BREVES APUNTES SOBRE METODOLOGÍA Y DIALÉCTICA
En el seno de la Table ronde internationale du C. N. R. S. (Centre Nacional de la Recherche Scientifique), y su publicación Collage et montage au théâtre et dans les autres arts durant les années vingt, no se eligió directamente el collage y el montaje como objetos de estudio sino que, tras una búsqueda del nexo que permitiera relacionar el teatro con otros registros expresivos, concluyeron que era precisamente la interdisciplinariedad de esos registros, el punto de unión que buscaban (Denis Bablet, 1978: 10), siendo, tal y como lo ha propuesto Erika Billeter en esta misma publicación, no únicamente una cuestión técnica, sino un problema artístico nuevo, “la integración de la realidad en el mundo de los cuadros artificiales” (Denis Bablet, 1978: 20). Tampoco en las jornadas de estudio organizadas por Claude Amey y J. P. Olive en la Universidad Paris y la MSH Paris Nord en noviembre del 2002, se estableció el fragmento como objeto en sí, sino en tanto que elemento susceptible de sintetizar la nueva situación cultural, caracterizada por haberse enfrentado a un cuestionamiento inaudito de las fronteras que separan el arte de la vida (Claude Amey et J. P. Olive,2004: 9).
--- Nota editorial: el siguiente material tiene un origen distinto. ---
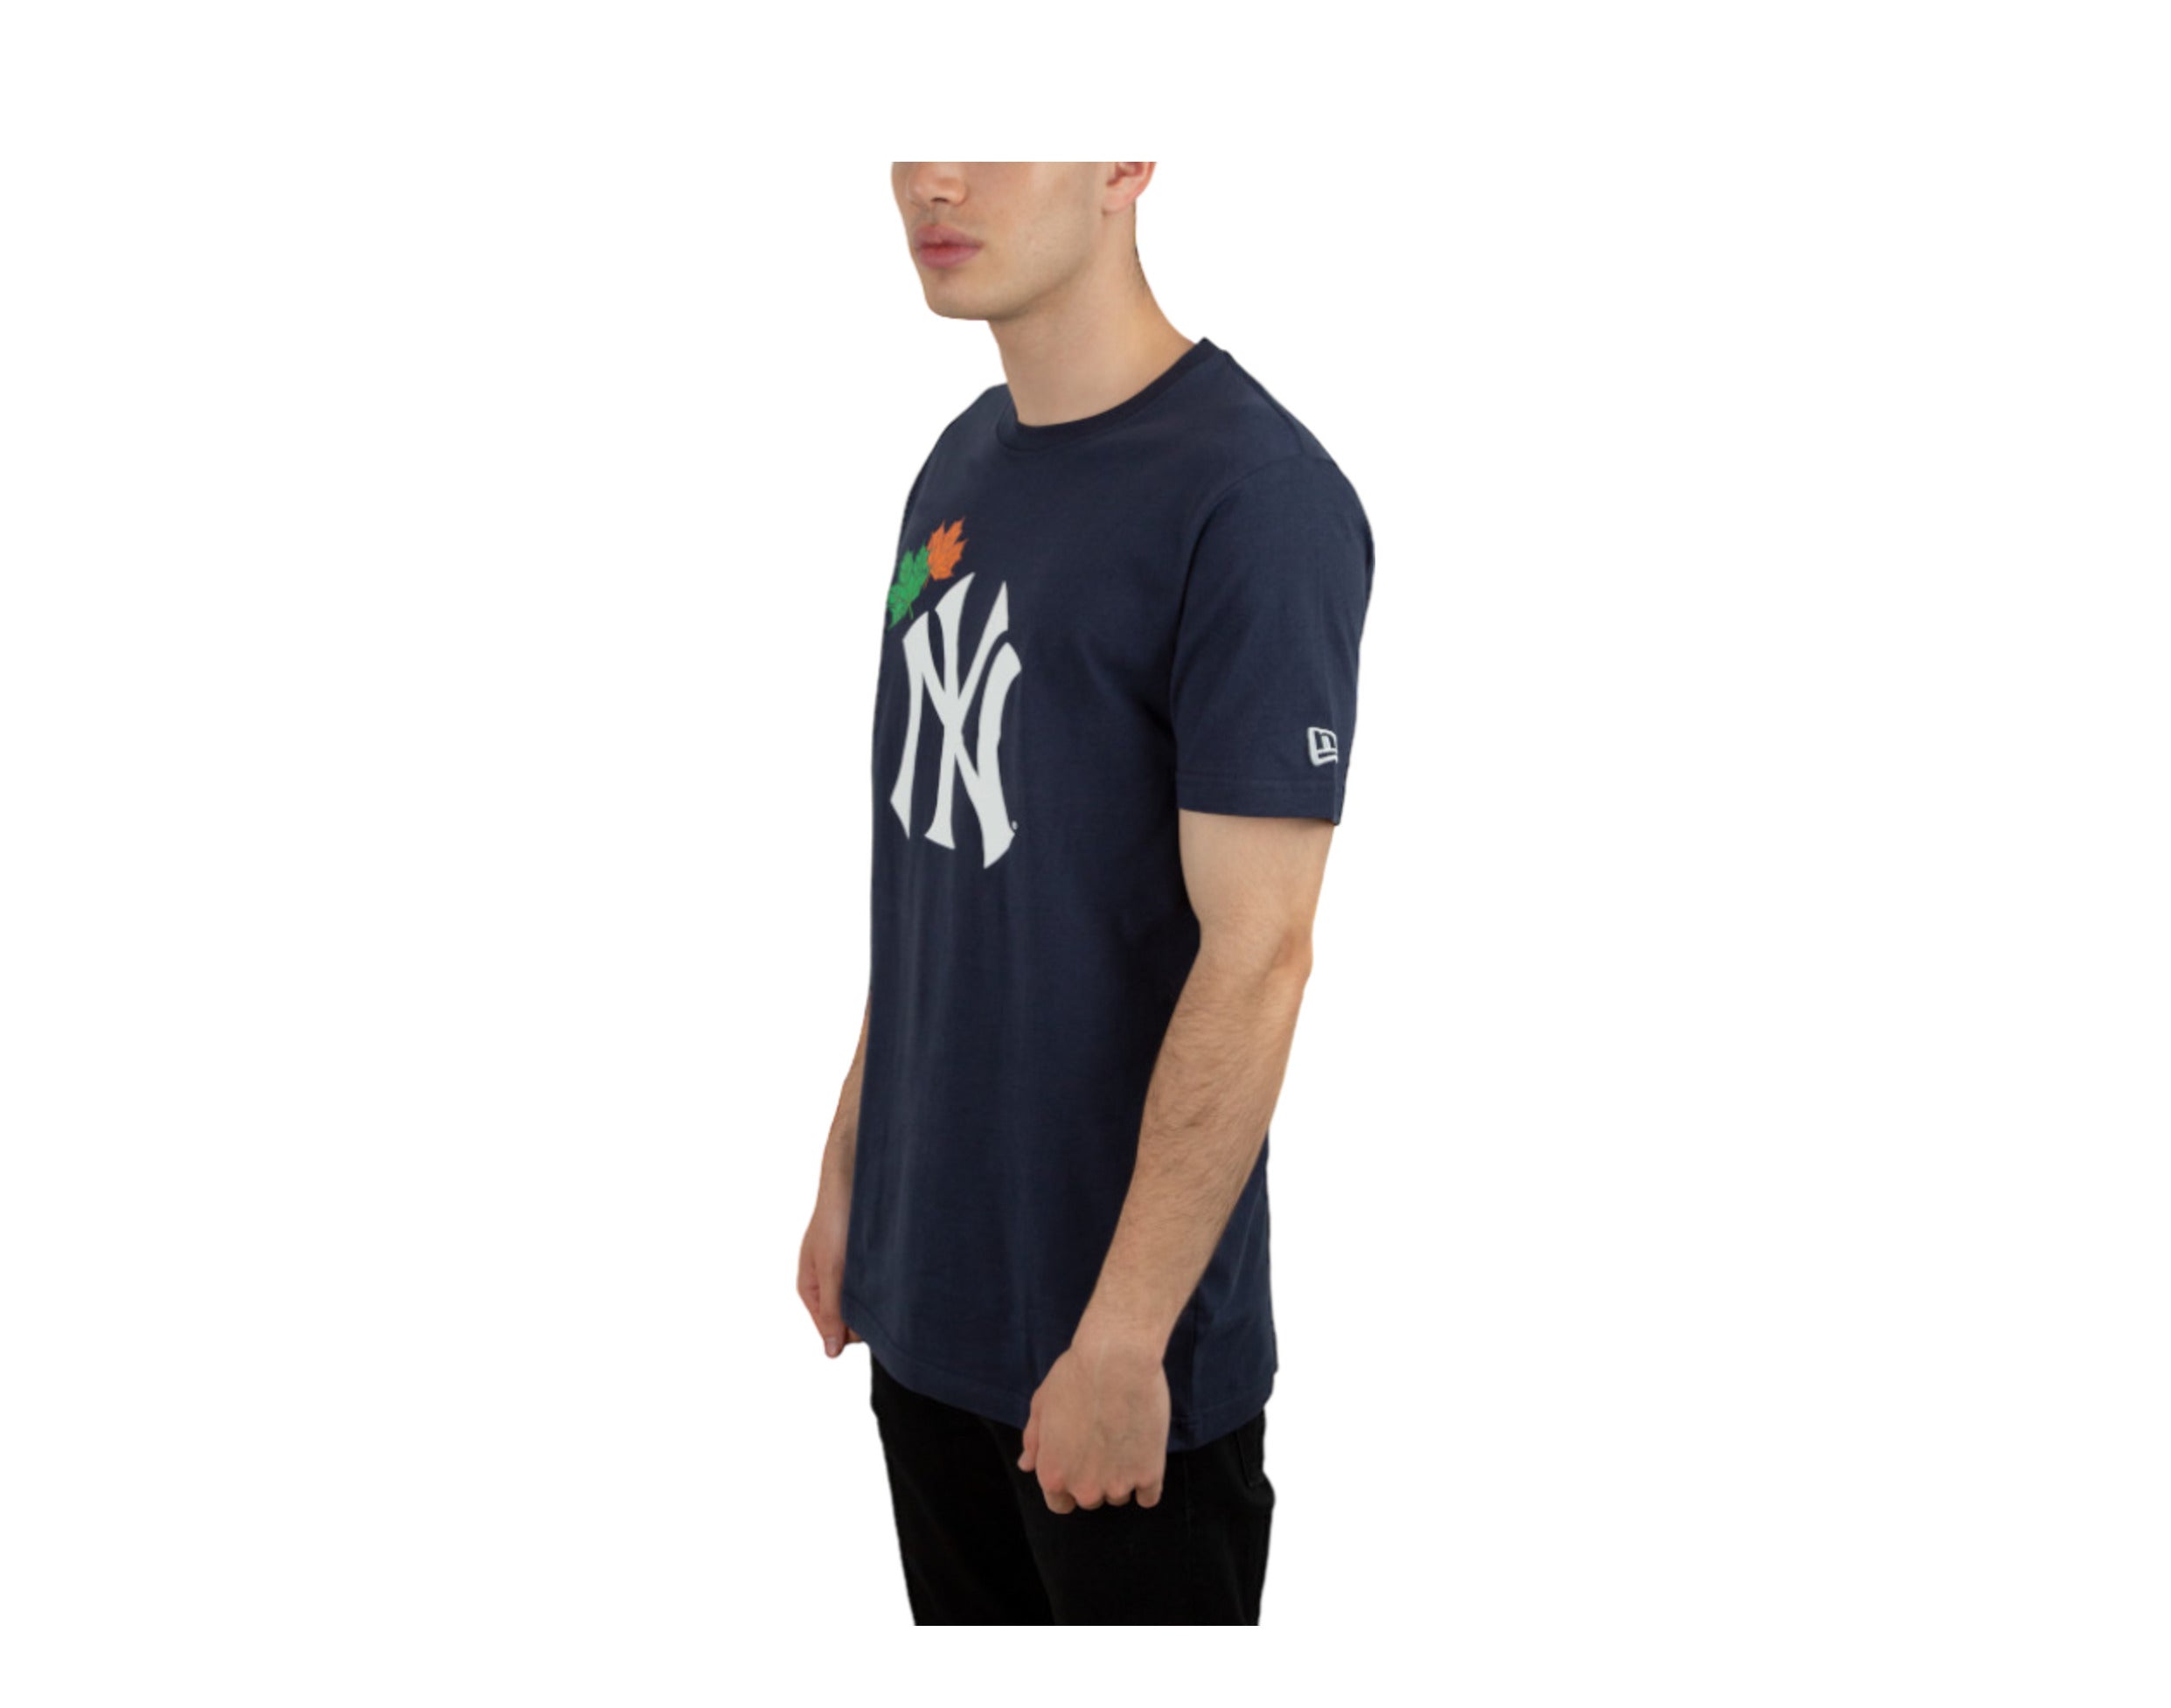 New era New York Yankees MLB Champions Series Short Sleeve T-Shirt

En cambio, todo apunta a que, cuando se hubo tomado plena conciencia del collage y pudo citarse algunos de sus precedentes literarios, desde Baudelaire y Rimbaud hasta Lautréamont, Mallarmé y Jarry, es decir, con la revisión del surrealismo, se supo que, más que conformar un lenguaje nuevo, el collage buscaba la disolución misma del lenguaje. Esta ofensa a lo establecido, que empieza de lleno con la vertiente pictórica, ya se centró mucho antes en preocupaciones similares dentro del terreno literario -por ejemplo la confrontación de la imprenta y del periodismo con la alta literatura por parte de Mallarmé (Del periodismo lamenta Mallarmé su función de reportaje basado en “narrar, enseñar, incluso describir”, contagiando a otros géneros literarios. En cambio, él se apropia de la tipografía en Un coup de Dés para sus propios fines metalingüísticos: “Un libro como no me gustan, los desparramados y privados de arquitectura. Ninguno escapa decididamente, al periodismo… La excusa, a través de todo este azar, que el ensamblaje se ayudó, solo, por una virtud común”, y “hay que cortar siempre el comienzo y el fin de lo que se escribe. Nada de introducción, nada de final”, Stéphane Mallarmé, 2002: 29y 39. Ver además las pp. 33 y 78-79. Mallarmé no desprecia la imprenta pero sí el hecho de que el periodismo, consecuencia de su mecánica, tan sólo haya legado a los otros géneros un afán representativo que niega la autonomía, no de la narración ni de la poesía tan siquiera, sino del libro mismo, principal objetivo en su carrera poética.) -, no puede responder únicamente a razones artísticas incapaces de explicar por sí mismas los cambios acaecidos en la Historia del Arte. El lenguaje, tanto literario como plástico, es atacado por ser la emanación de un estado de separación que acarrea cierta sociedad en una determinada época y, por tanto, hablando de alienación, atañe a la dialéctica fundamental existente entre el sujeto y el objeto. El lenguaje artístico es atacado en tanto que es el producto de un desajuste general entre la expresión cultural y su época. Es en este fenómeno donde radica nuestro punto de vista histórico.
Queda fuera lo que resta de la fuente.